If that’s the medium vision, what’s the grand vision? To be honest, I’m still figuring it out. AI has done a fantastic job of compressing all human knowledge and making it accessible on demand to billions of people. It can answer just about any question more or less instantly and accurately.
But it still doesn’t really know anything about you. It doesn’t know your preferences, your background, or that you asked a similar question a few days ago and how you reacted. It doesn’t really understand what sort of content you’re interested in or how you like to consume it. It’s not very customizable and it’s not very flexible. Agentic memory is a good start but it’s still very limited.
In this respect Beacon is adjacent to the knowledge-management problem: AI enables us to both create and process orders of magnitude more knowledge than ever before, but for now there’s no universally good way to store, organize, or retrieve that unstructured information, including information about our preferences. See, for instance, Karpathy’s LLM Wiki idea. What if we could go a step beyond a knowledge base and build an engine that could autonomously surface relevant information as and when we need it?
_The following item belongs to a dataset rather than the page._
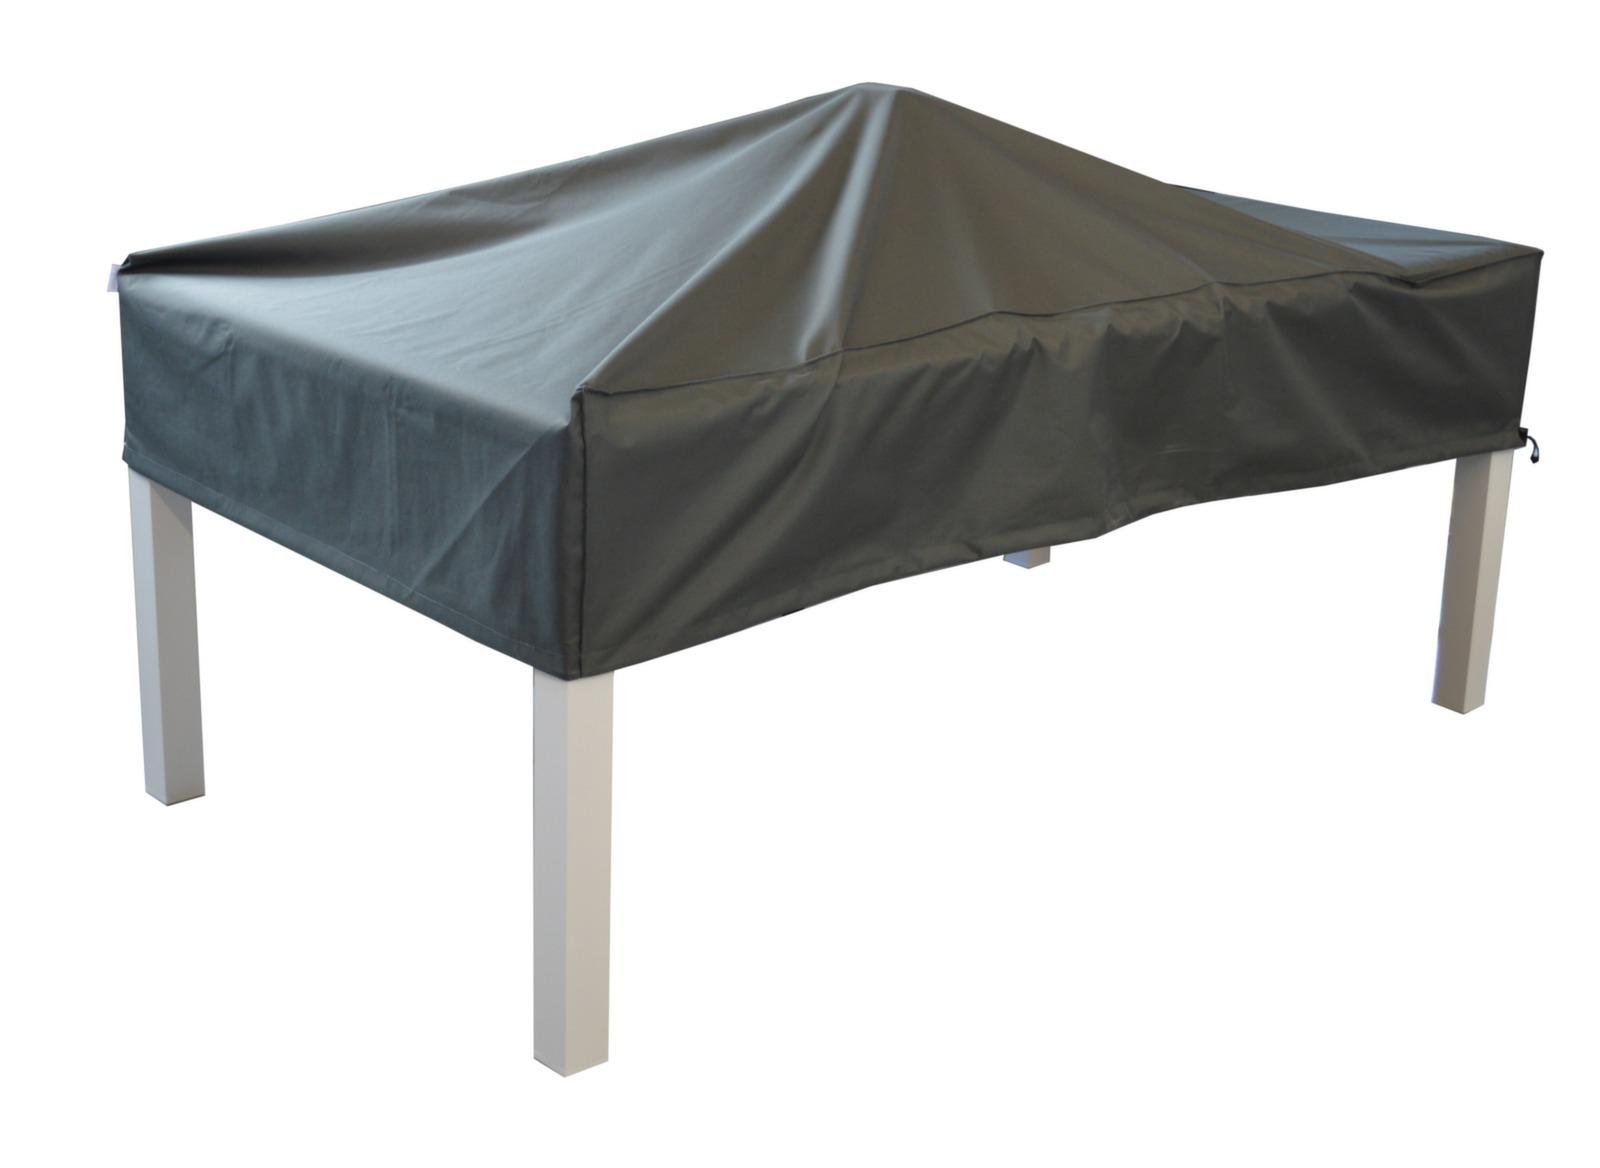 Housse De Protection Pour Tables concernant Bache Table Jardin

Interacting with AI agents should feel more like chatting with a knowledgeable, intelligent friend: someone who not only knows things but also knows you and knows what to surface, when. A friend knows what’s socially or professionally relevant at any given time or in any given place. That’s a harder, more nuanced problem than it sounds—social intelligence is harder than the sort of raw problem-solving capabilities AI exhibits today—but in Beacon I’ve found that the best AI models today are actually pretty good at it, if you prompt them correctly and give them access to the right tools and context.
Overall, in their present form, AI tools are truly remarkable. They significantly shrink the gap between “motivated everyday person” and professional. They allow us to attempt—and, in many cases, achieve—bold things we would never have imagined doing even just a few months ago. In this respect, they’ve already changed the world for the better.
But, in my experience, every win still depends heavily on taste, judgement, and tight human steering. If we’re going to use these tools effectively and to their full potential, it’s important that we understand this limitation because it contains the key to working with AI productively.